P63 adds a read-only record helper through
`mempal phase3 adoption prepare-record` and
`mempal_phase3 action=prepare_record`. The helper validates and normalizes
candidate record inputs, then returns the equivalent CLI `record` command and
MCP `record` payload with `writes=false`. It does not generate event ids unless
the caller supplied one, and it does not append runtime adoption events.

P64 adds a read-only record quality policy through
`mempal phase3 adoption check-record` and
`mempal_phase3 action=check_record`. The policy evaluates candidate runtime
adoption event quality before writing and returns `writes=false`, `valid`,
`quality`, `errors`, and `warnings`. It treats empty `feature` as an error,
warns when outcome-bearing signals lack concrete note/query context, and warns
when track-specific references such as `card_id`, `evaluator_id`, or
`research_report_id` are missing. This remains advisory only: it does not append
events and does not block the lower-level `record` command.

P65 adds a read-only runtime adoption review report through
`mempal phase3 adoption review` and `mempal_phase3 action=review`. The report
summarizes accumulated adoption evidence with applied filters, aggregate signal
counts, per-feature counts, an advisory conclusion, and reasons. It supports
track, feature, and signal filtering without schema changes; signal filtering is
applied after DB retrieval. This gives future default-on specs a compact
evidence artifact while preserving the Phase-3 boundary: review reports do not
write events, change gates, or authorize runtime default changes.
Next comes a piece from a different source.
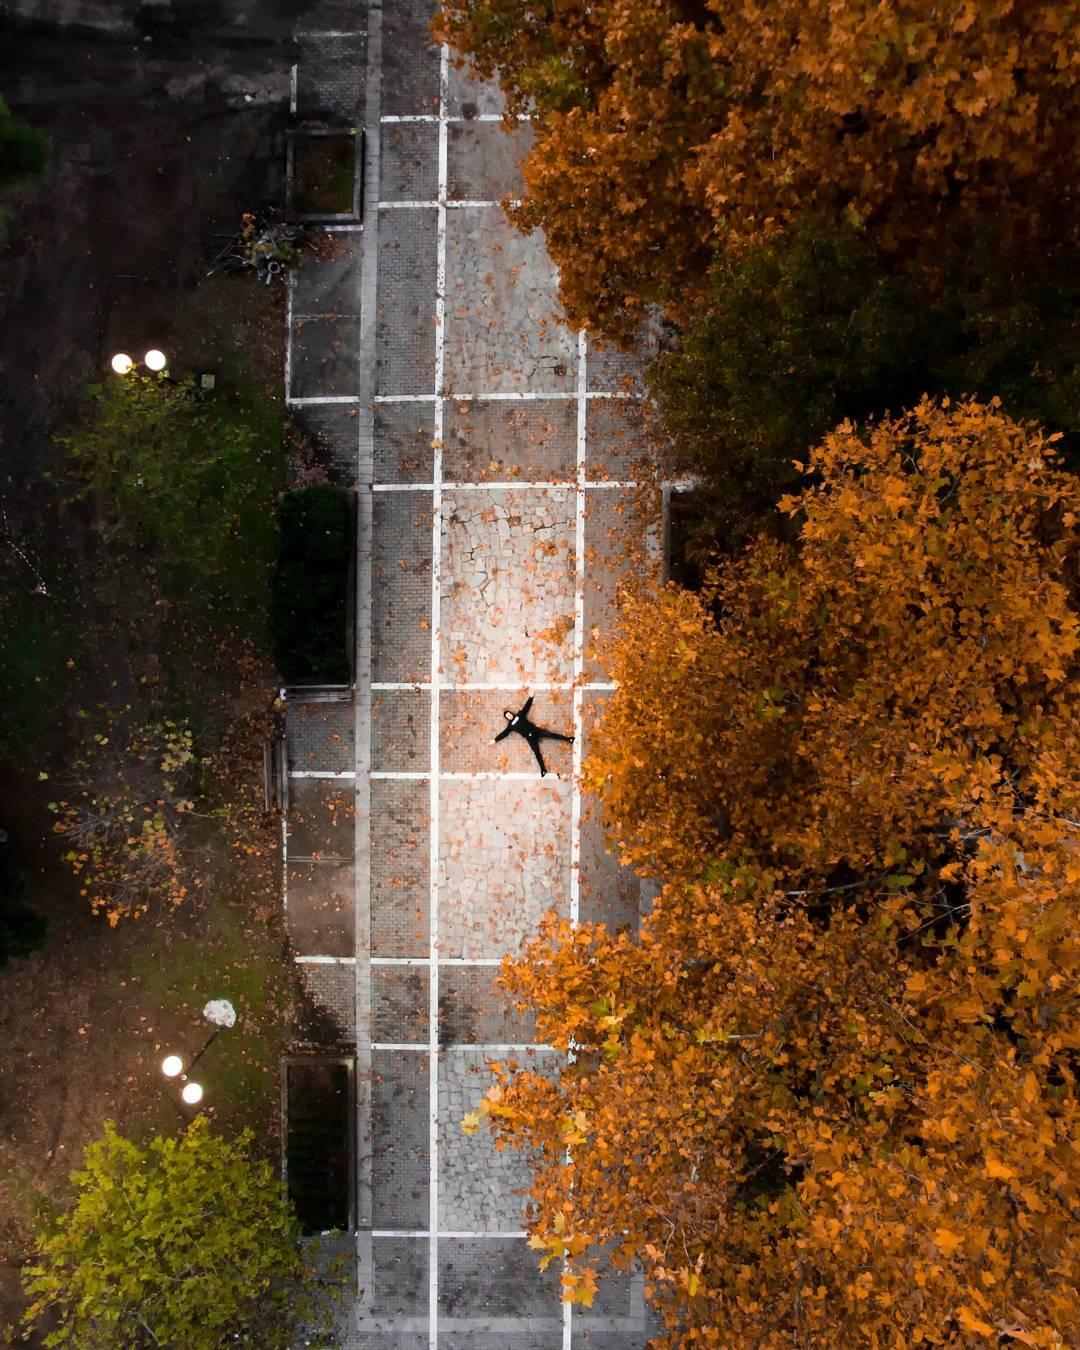 23595715 923538807800125 8027009454899724288 n - Οι εντυπωσιακές φωτογραφίες από την Λάρισα και τα παράλια της από «ψηλά»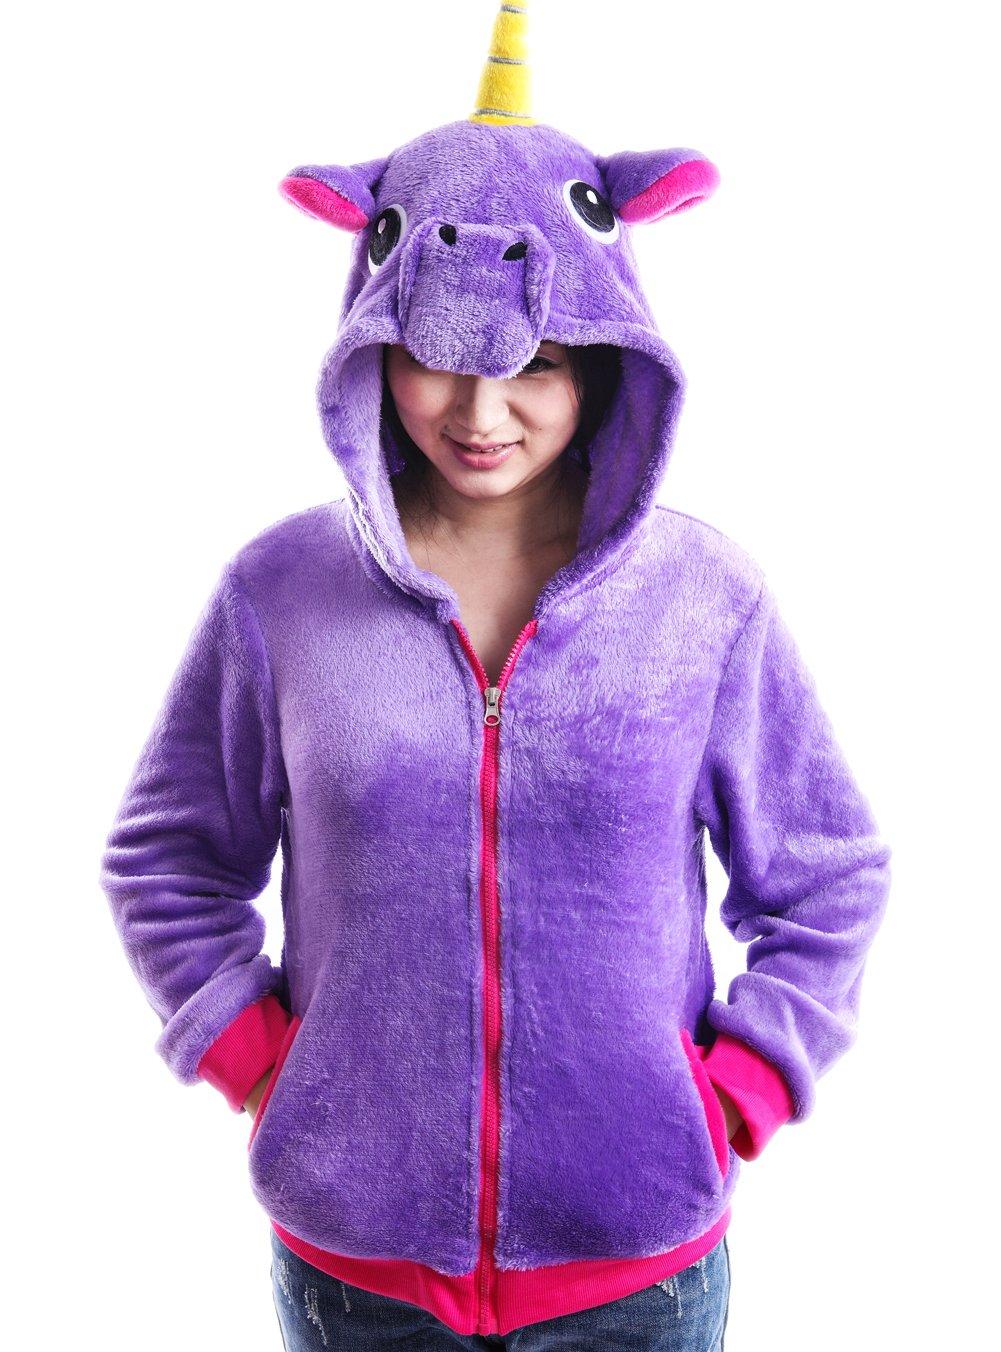 AooToo Costume Hoodies Cute Juniors Kids Cartoon Animal Flannel Zipper Jackets(Purple, S(7))

P66 adds a read-only card-context default readiness report through
`mempal phase3 readiness card-context-default` and
`mempal_phase3 action=readiness` with `candidate=card-context-default`. The
report reuses P65 review semantics filtered to `track=card_context` and
`feature=include_cards`, then returns `writes=false`, `ready`, `decision`, the
embedded review, and reasons. `ready=true` only means the surface is eligible
for a future default-on spec; it does not change `mempal context` defaults,
enable `include_cards`, mutate lifecycle state, or create card embeddings.

P67 adds explicit evidence-first research ingestion through
`mempal phase3 research-ingest-plan`. The command accepts the same P59 report
contract and defaults to dry-run with `writes=false`. With `--execute`, it
writes one `memory_kind=evidence` drawer per finding using
`provenance=research`, stable drawer ids, and idempotent skip-on-existing
behavior. `candidate_insights` are surfaced only as `mempal knowledge distill`
suggestions backed by the planned evidence refs; P67 does not create knowledge
drawers, promote research output, add a schema migration, or expose MCP write
access.

P68 exposes the P67 dry-run planning semantics through MCP as
`mempal_phase3 action=research_ingest_plan`. The action accepts an inline
`report` JSON object, returns planned research evidence drawer refs plus
candidate `mempal knowledge distill` suggestions, and always reports
`writes=false`. It shares the same pure planner as the CLI but deliberately does
not expose `--execute`, create drawers or vectors, mutate runtime adoption
events, or promote research output into knowledge.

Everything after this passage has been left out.